▸ **Dataset records**

======

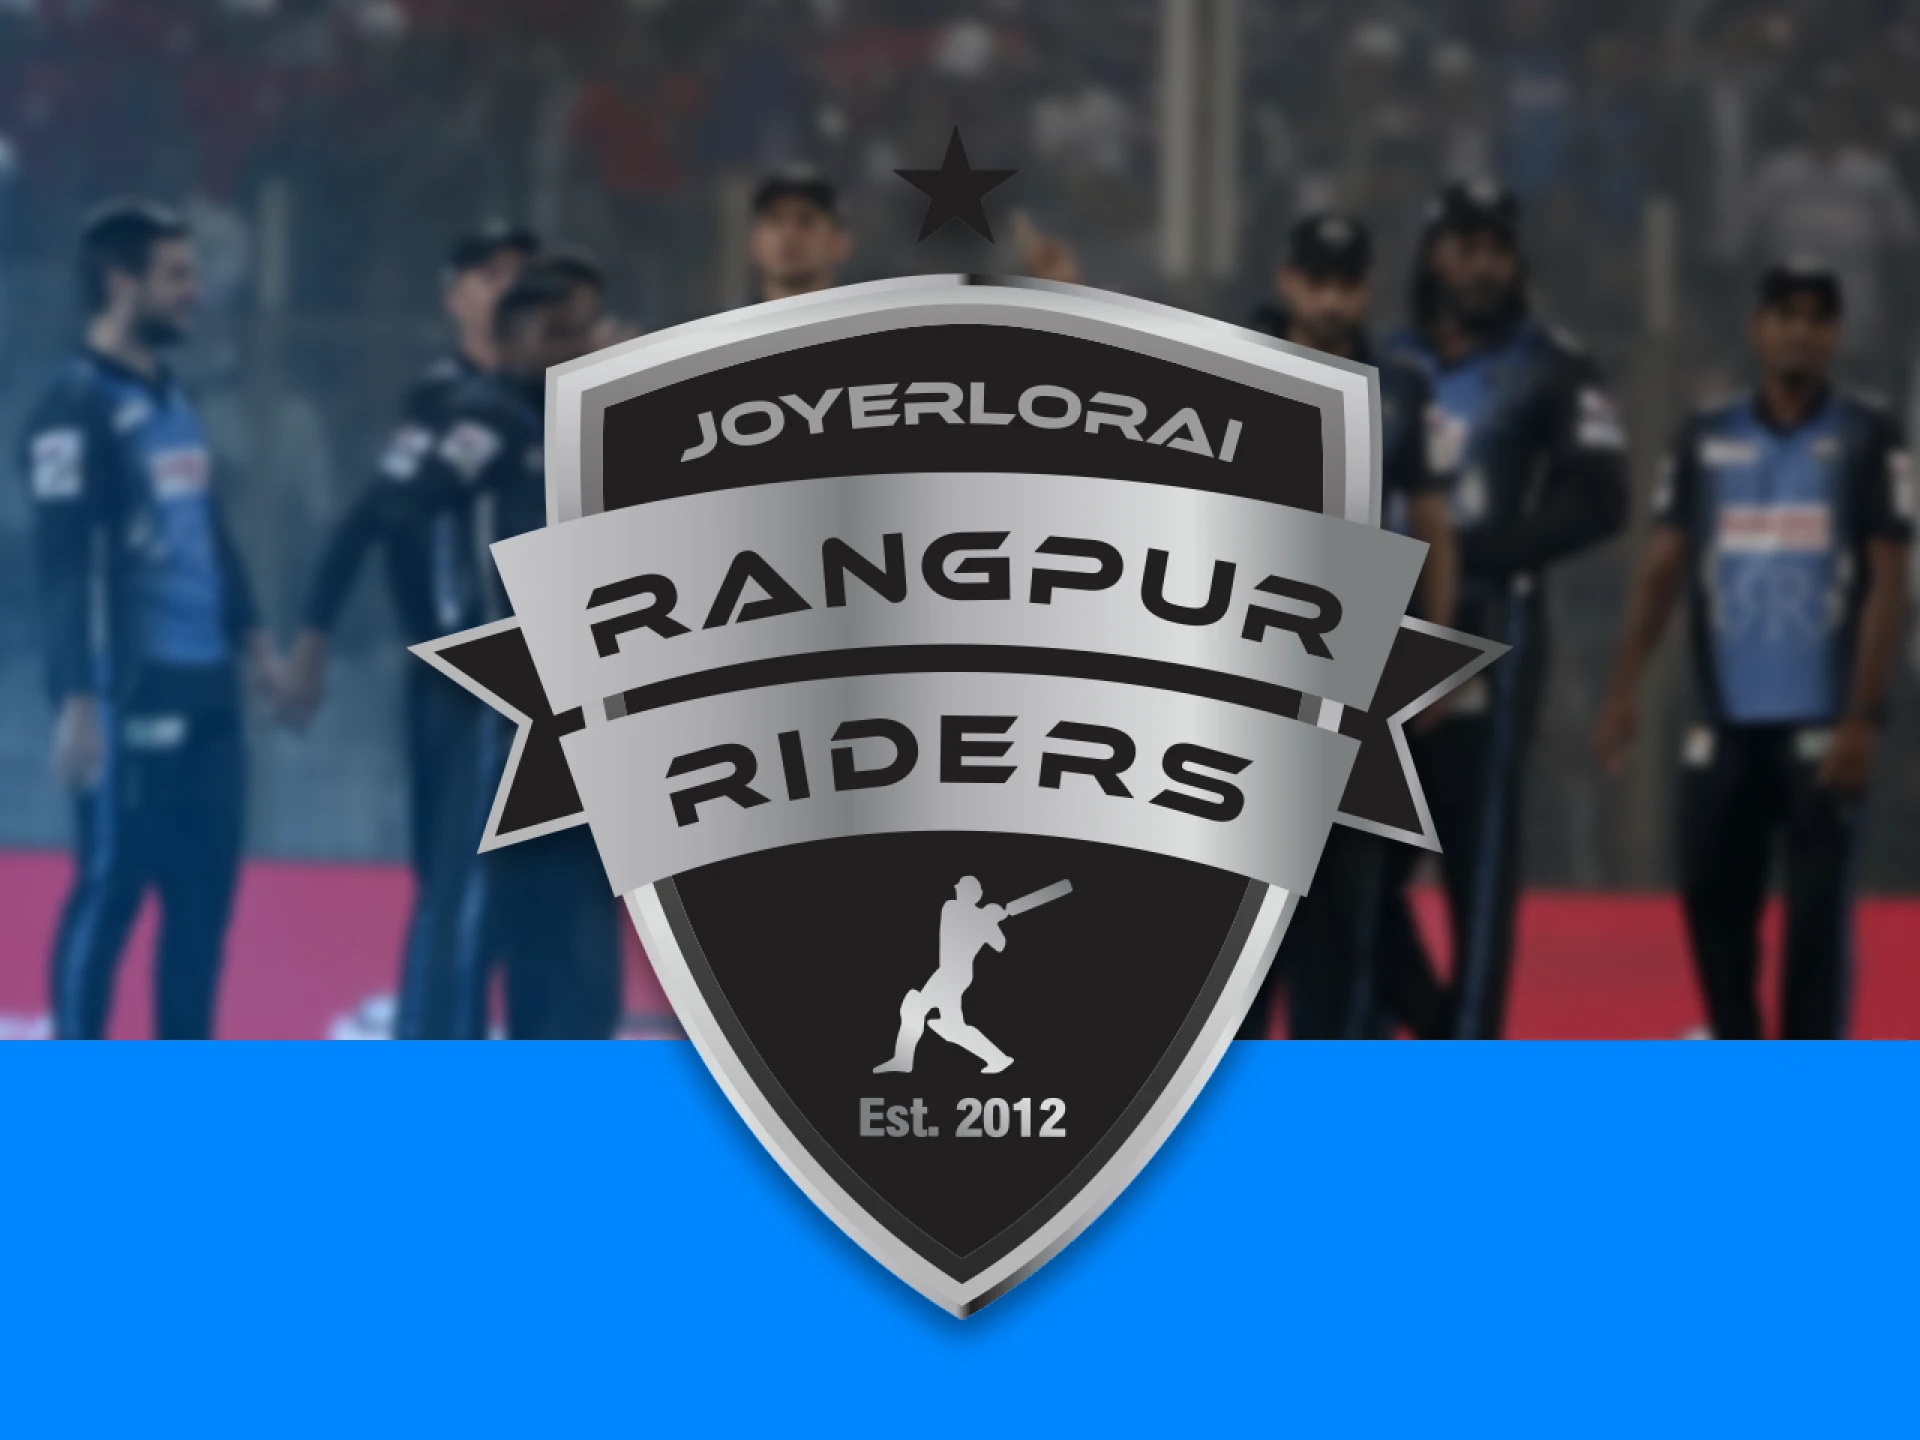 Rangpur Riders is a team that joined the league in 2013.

======

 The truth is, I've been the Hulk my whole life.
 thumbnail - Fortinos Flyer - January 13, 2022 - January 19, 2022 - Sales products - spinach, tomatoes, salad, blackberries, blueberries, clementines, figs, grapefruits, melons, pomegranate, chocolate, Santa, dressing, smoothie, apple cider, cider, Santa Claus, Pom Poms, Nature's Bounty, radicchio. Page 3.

======

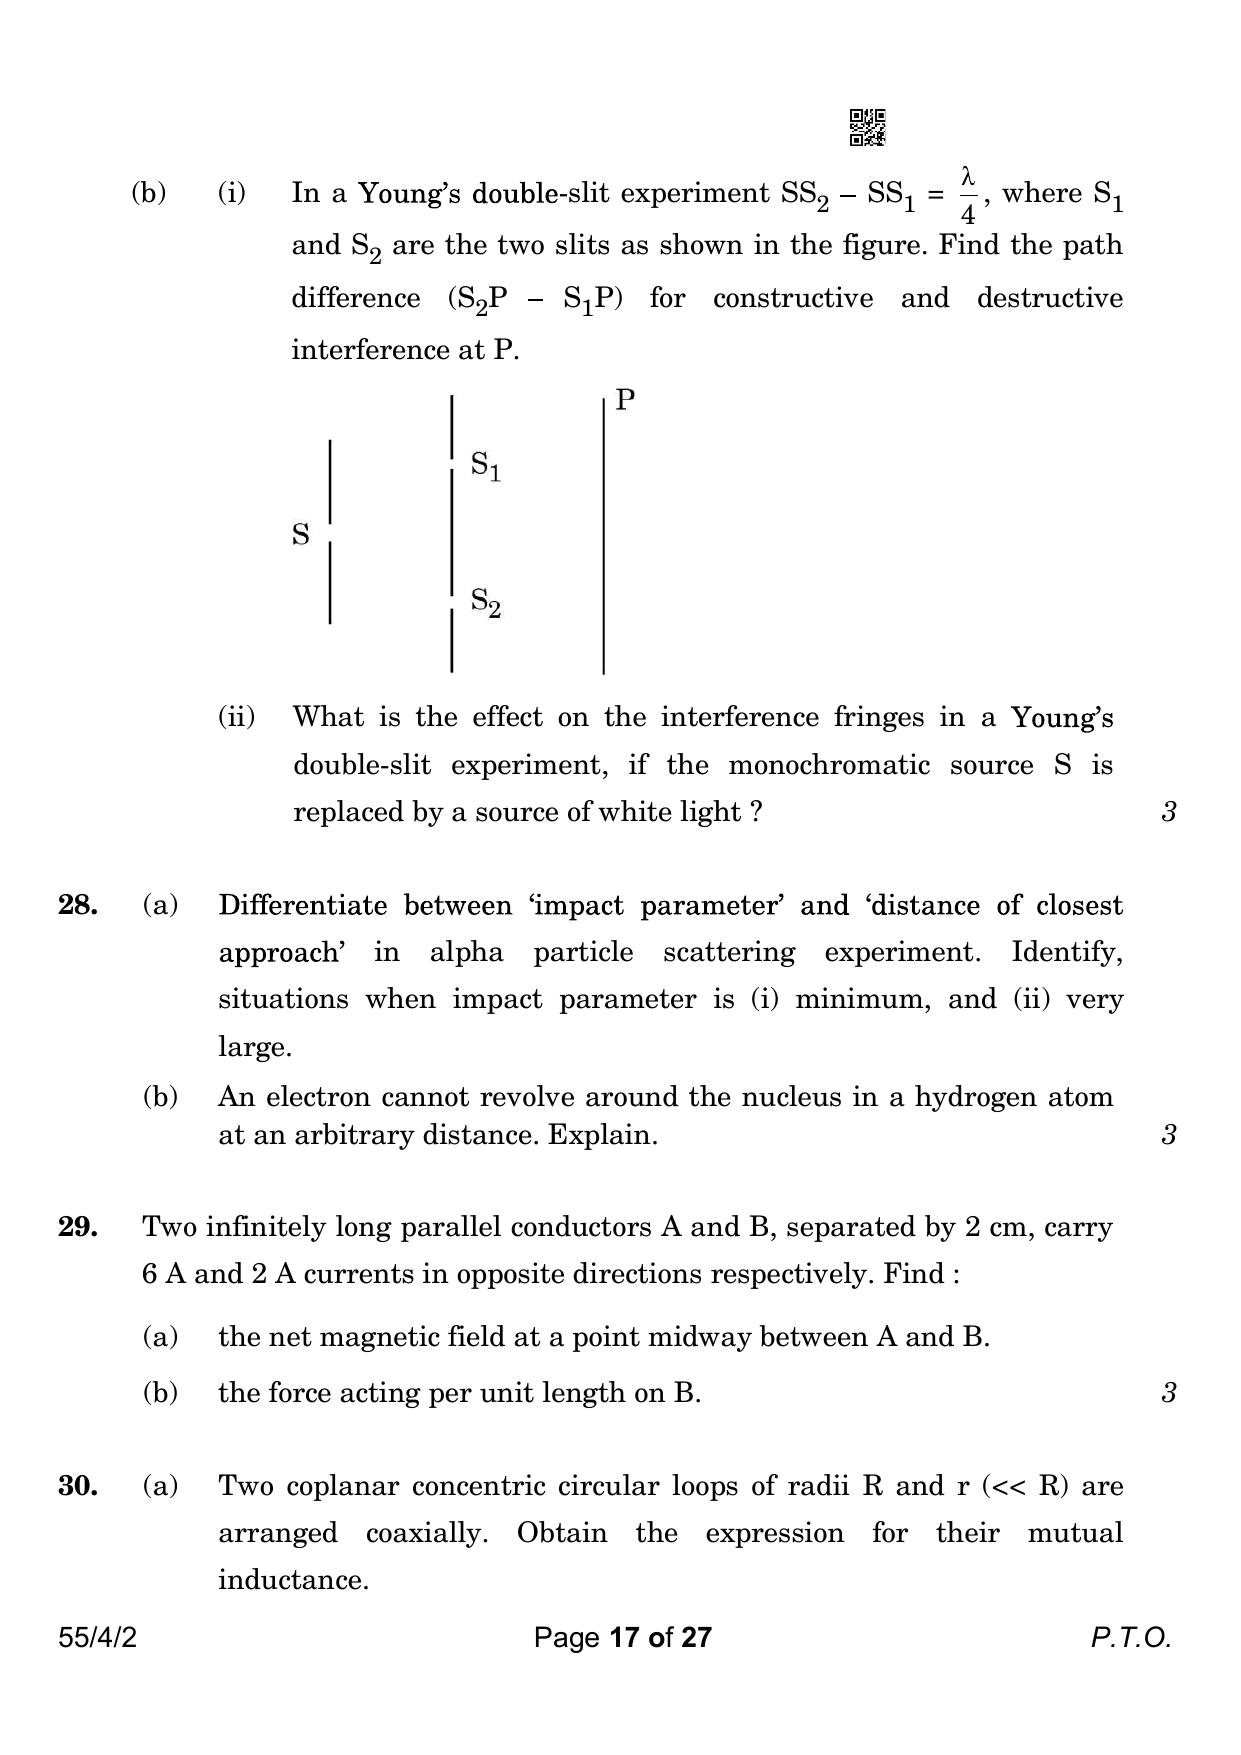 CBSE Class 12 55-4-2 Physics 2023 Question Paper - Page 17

======

▸ **Description of the task**
Word for word, restate the lines of the listing above starting at the line with "The truth is, I've" and ending at the line with "thumbnail - Fortinos", and nothing outside them.

▸ **Exercise solution**
 The truth is, I've been the Hulk my whole life.
 thumbnail - Fortinos Flyer - January 13, 2022 - January 19, 2022 - Sales products - spinach, tomatoes, salad, blackberries, blueberries, clementines, figs, grapefruits, melons, pomegranate, chocolate, Santa, dressing, smoothie, apple cider, cider, Santa Claus, Pom Poms, Nature's Bounty, radicchio. Page 3.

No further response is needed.